CD19-directed chimeric antigen receptors (CAR) T cells induce impressive rates of complete response in advanced B-cell malignancies, specially in B-cell acute lymphoblastic leukemia (B-ALL). However, CAR T-cell-treated patients eventually progress due to poor CAR T-cell persistence and/or disease relapse. The bone marrow (BM) is the primary location for acute leukemia. The rapid/efficient colonization of the BM by systemically infused CD19-CAR T cells might enhance CAR T-cell activity and persistence, thus, offering clinical benefits. Circulating cells traffic to BM upon binding of tetrasaccharide Sialyl-Lewis X (sLeX)-decorated E-selectin ligands (sialofucosylated) to the E-selectin receptor expressed in the vascular endothelium. sLeX-installation in E-selectin ligands is achieved through an ex vivo fucosylation reaction. Here, we sought to characterize the basal and cell-autonomous display of sLeX in CAR T-cells activated using different cytokines, and to assess whether exofucosylation of E-selectin ligands improves CD19-CAR T-cell activity and BM homing. We report that cell-autonomous sialofucosylation (sLeX display) steadily increases in culture- and in vivo-expanded CAR T cells, and that, the cytokines used during T-cell activation influence both the degree of such endogenous sialofucosylation and the CD19-CAR T-cell efficacy and persistence in vivo. However, glycoengineered enforced sialofucosylation of E-selectin ligands was dispensable for CD19-CAR T-cell activity and BM homing in multiple xenograft models regardless the cytokines employed for T-cell expansion, thus, representing a dispensable strategy for CD19-CAR T-cell therapy.
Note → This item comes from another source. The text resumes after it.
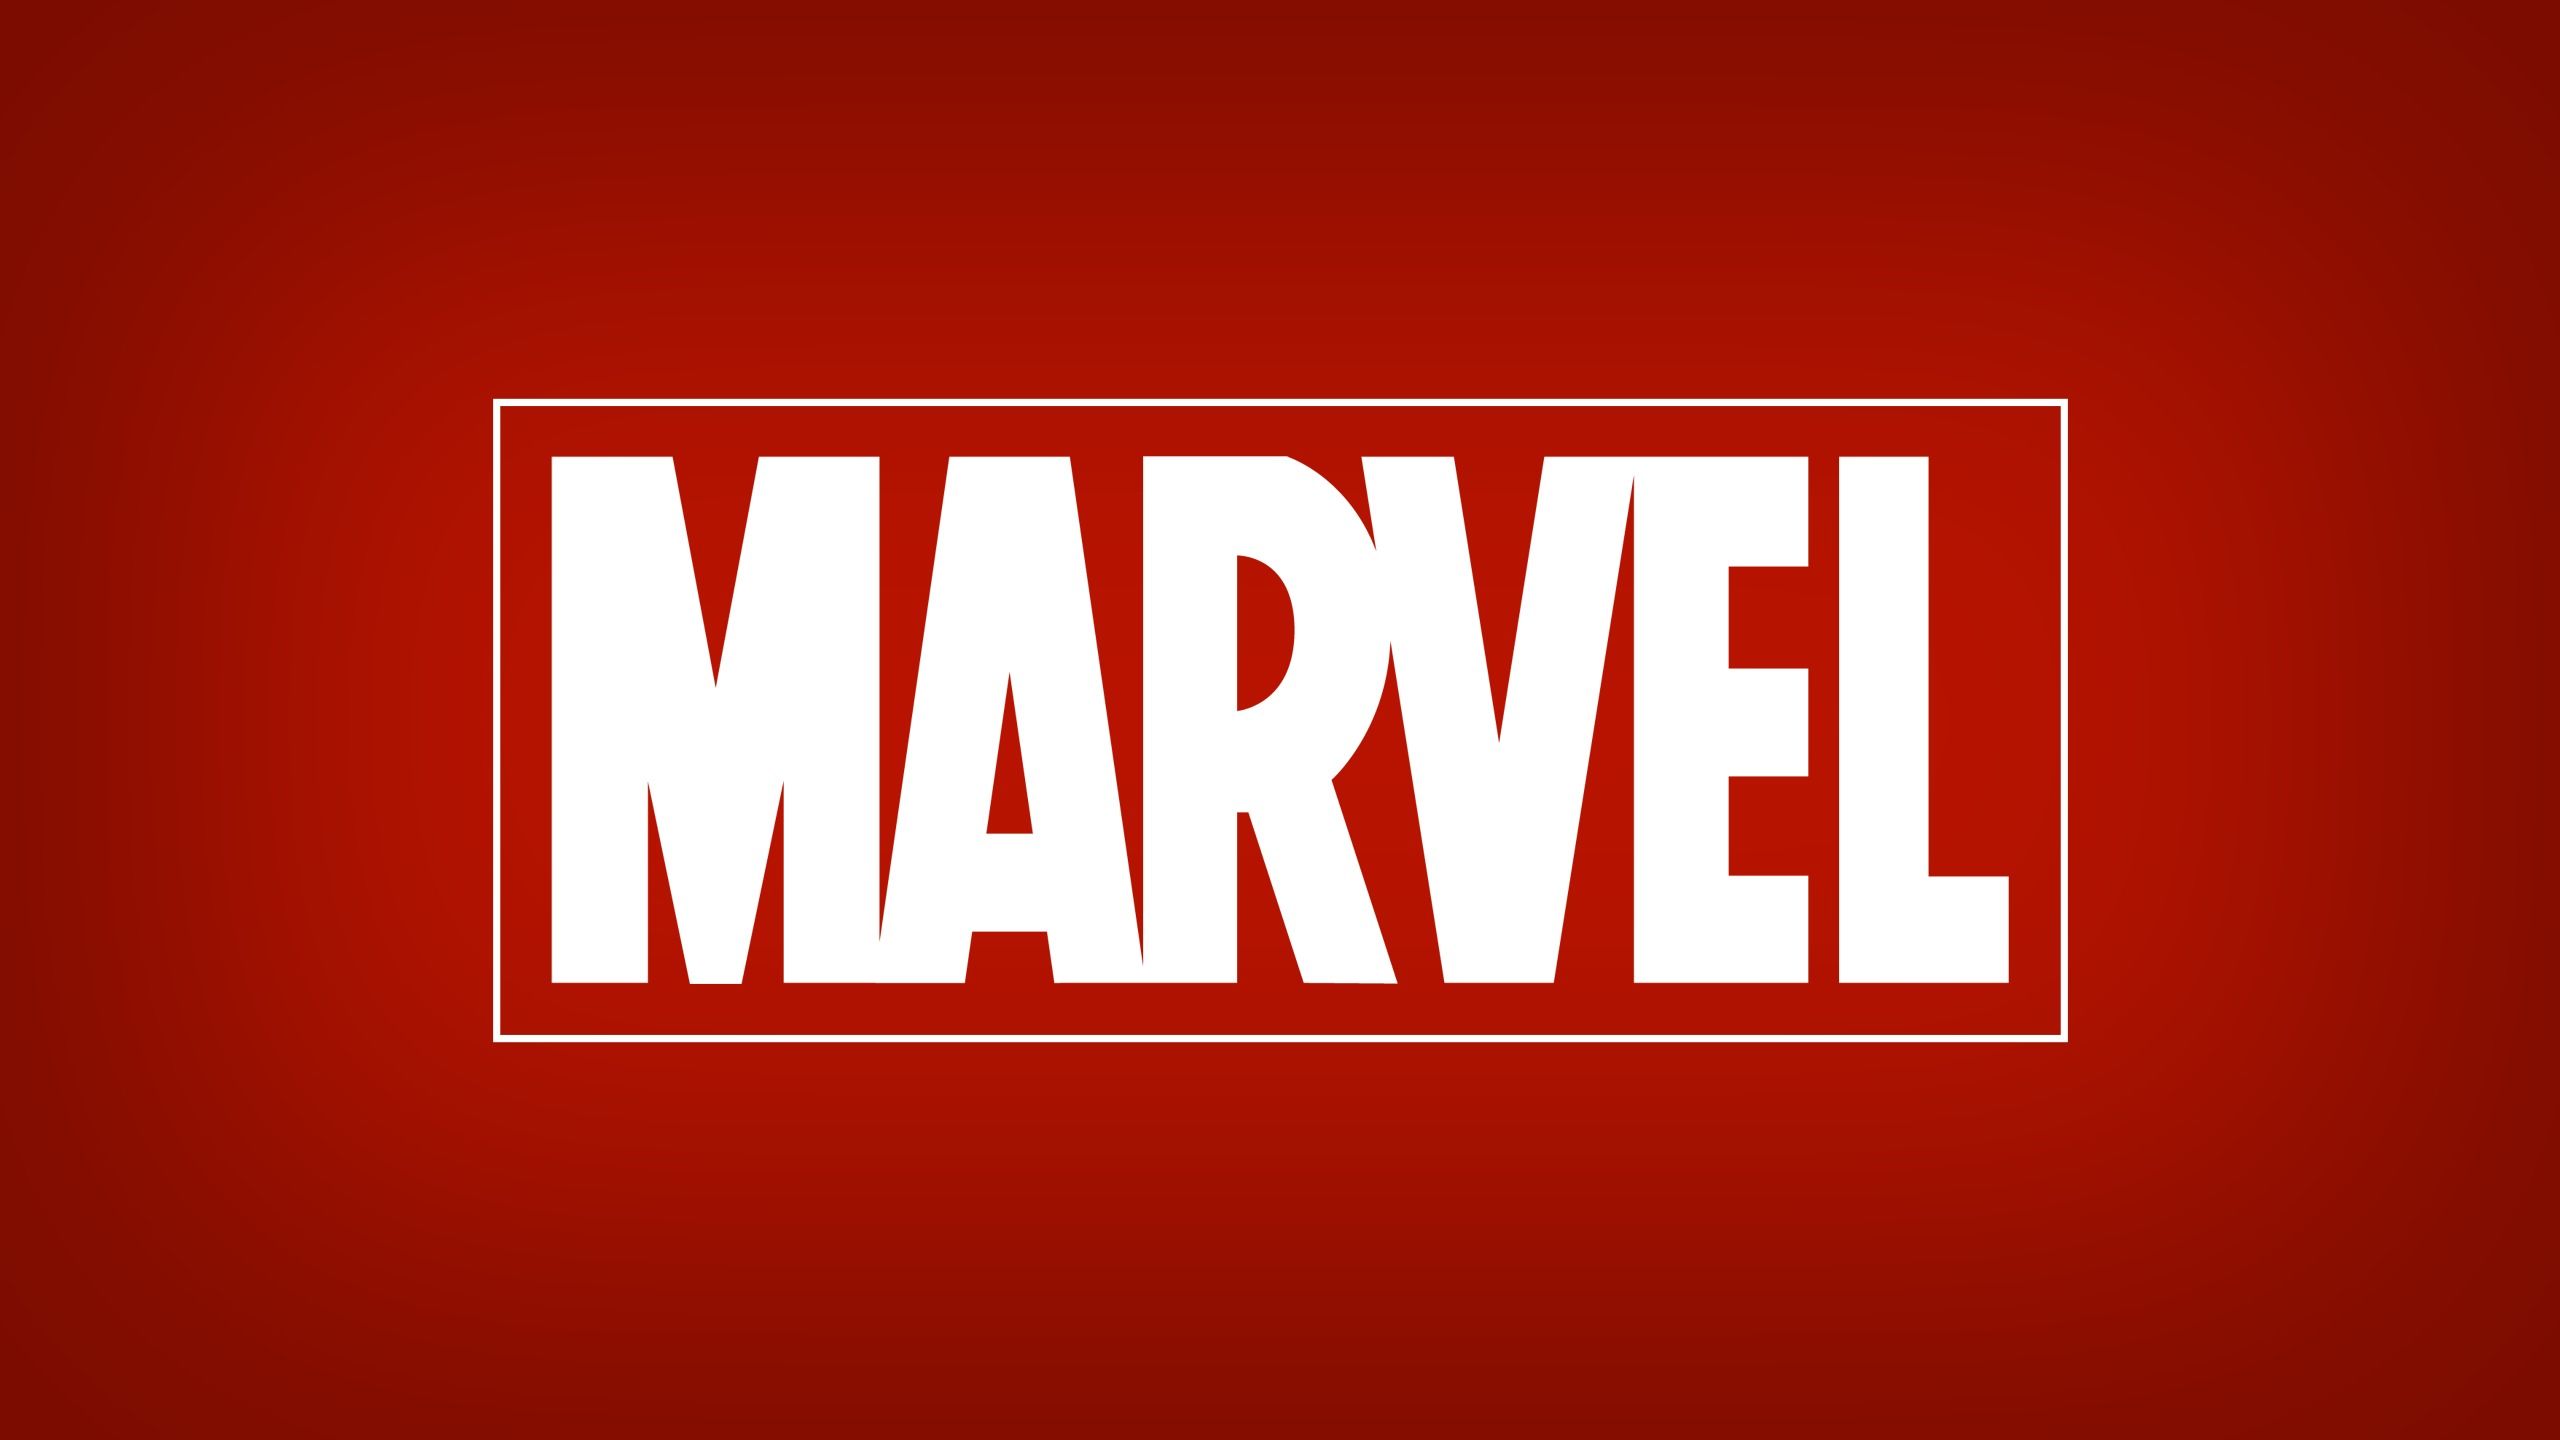 Marvel Logo Desktop Wallpapers On Wallpaperdog

FUT6 deficiency compromises basophil function by selectively abrogating their Sialyl-Lewis X expression

Commun Biol 2021 Jul 2;4(1):832.PMID:34215830DOI:10.1038/s42003-021-02295-8.

Sialyl-Lewis X (sLex, CD15s) is a tetra-saccharide on the surface of leukocytes required for E-selectin-mediated rolling, a prerequisite for leukocytes to migrate out of the blood vessels. Here we show using flow cytometry that sLex expression on basophils and mast cell progenitors depends on fucosyltransferase 6 (FUT6). Using genetic association data analysis and qPCR, the cell type-specific defect was associated with single nucleotide polymorphisms (SNPs) in the FUT6 gene region (tagged by rs17855739 and rs778798), affecting coding sequence and/or expression level of the mRNA. Heterozygous individuals with one functional FUT6 gene harbor a mixed population of sLex+ and sLex- basophils, a phenomenon caused by random monoallelic expression (RME). Microfluidic assay demonstrated FUT6-deficient basophils rolling on E-selectin is severely impaired. FUT6 null alleles carriers exhibit elevated blood basophil counts and a reduced itch sensitivity against insect bites. FUT6-deficiency thus dampens the basophil-mediated allergic response in the periphery, evident also in lower IgE titers and reduced eosinophil counts.